Вечно живая память привела меня в твое село на берегу Дуная. Я видел твой родной дом, двор, улицы, на которых тебя обдавали порывы холодного ветра. Никакого намека, что здесь жил необыкновенный человек. Я беседовал с твоим братом. Несмотря на время, рана была еще свежа, он едва сдерживал слезы. Я тоже. Что поделаешь, несчастье порождает муку, мука-слезы. Только в бреду и во сне человек может быть счастлив, когда его постигло несчастье.
Все это так. И все же ты счастливо прожил свои самые несчастные часы, хотя жизнь твоя не была ни бредом, ни сном. Напротив, немецкие танки, газовые камеры были самыми настоящими, как и твой смертный приговор.

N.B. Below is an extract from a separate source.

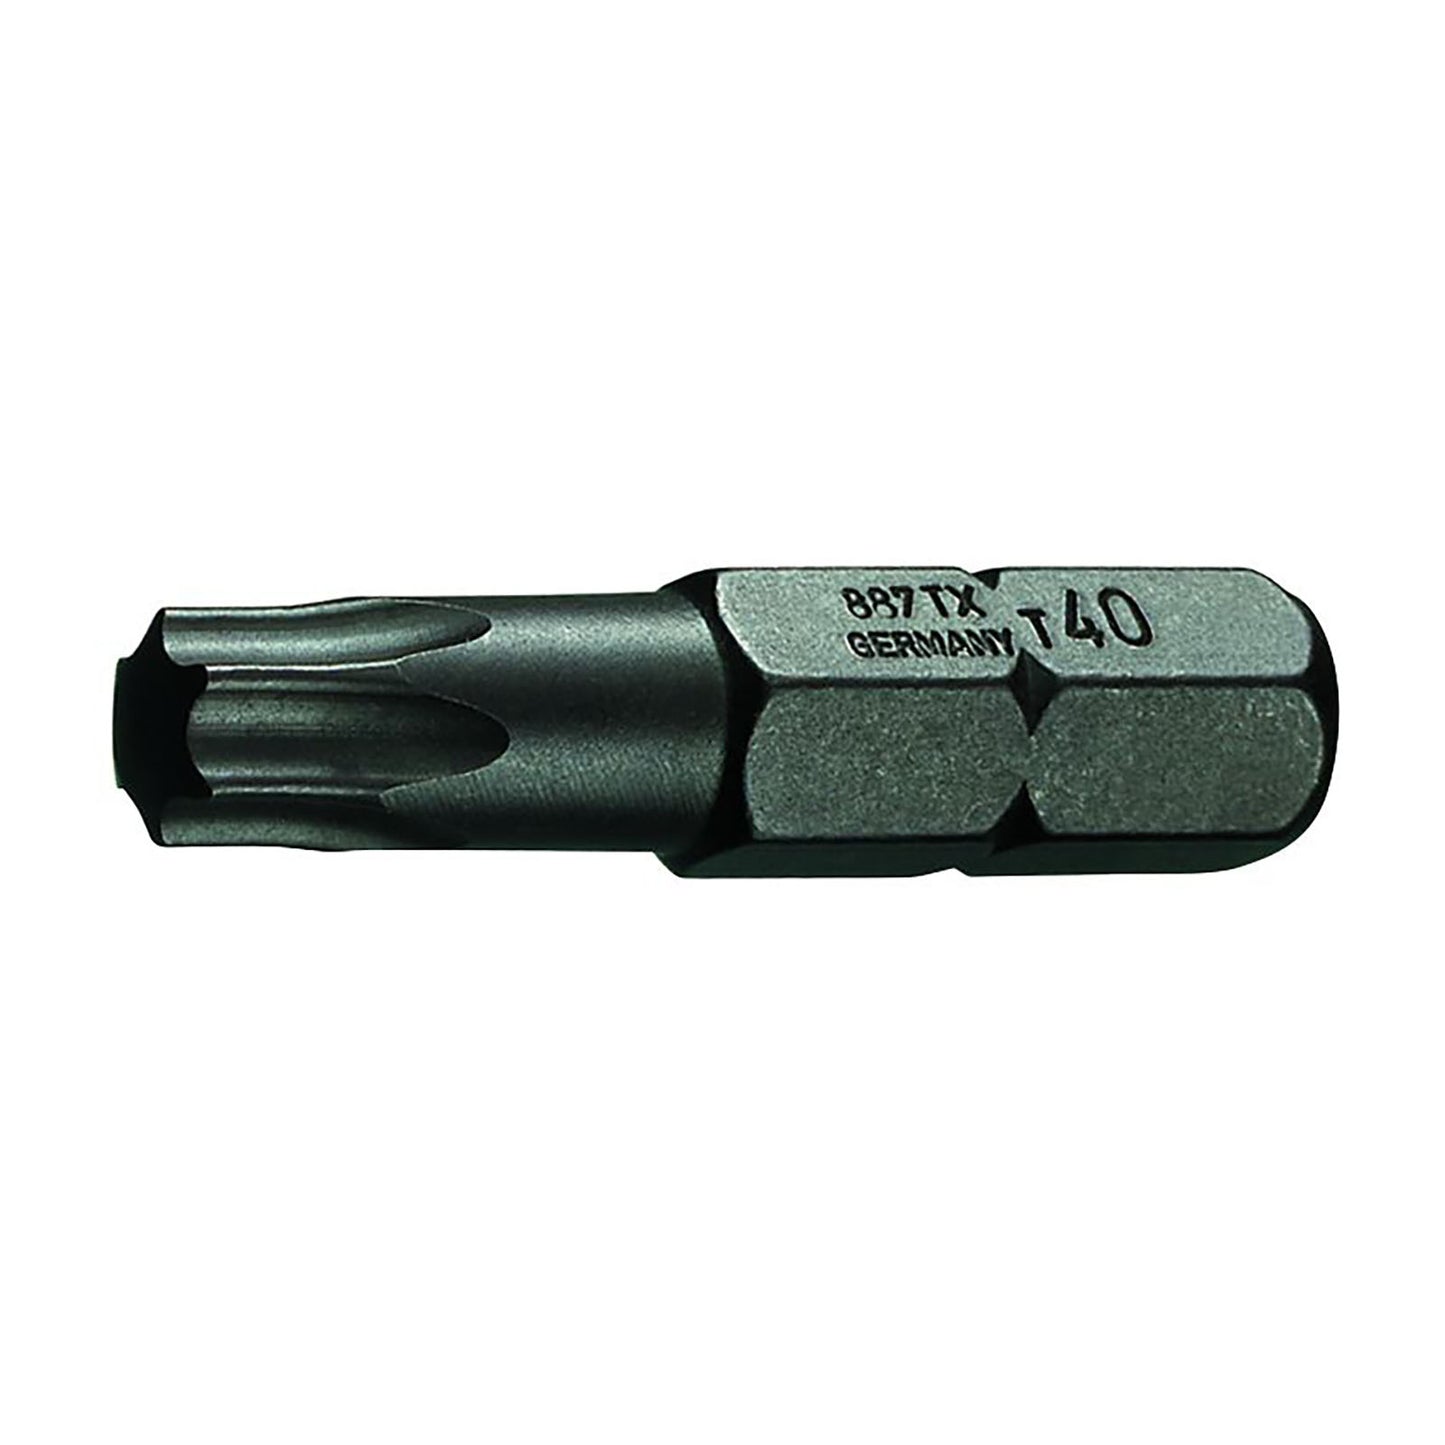 GEDORE 687 TX T40 S-010 - Embout TORX® 1/4", T40 (6542990)

И сейчас в моих ушах звучат твои слова: «Я счастлив, что первым из несовершеннолетних получил смертный приговор!»
Казалось бы, можно ли принять такие слова на веру? Сколько раз, случается, мы говорим: «Рад познакомиться», человеку, знакомство с которым нам не доставляет радости, «Все в порядке!» — когда нам плохо, «Я рад», когда нам не до радости. Только у тебя слова слились с чувством — ты действительно был счастлив. Счастливым был твой взгляд, твое дыхание, все твое существо. Как это описать? Как найти слова, которых никто никогда не говорил, единственно верные. Таких нет. Поэтому в тот день вдруг ожили все умерщвленные от долгого употребления человеческого счастья. Если бы я назвал счастье «лучезарным», тут не было бы неточности — оно было лучезарно. Если бы я определил его как «солнечное», и это было бы верно — все твое существо светилось. Если бы я назвал его «бесконечным», «глубоким», «божественным» — и это тоже было бы правдой — оно было и бесконечным, и глубоким, и божественным. А ведь всего через час тебя, несовершеннолетнего, едва успевшего вступить в жизнь человека, должны были казнить.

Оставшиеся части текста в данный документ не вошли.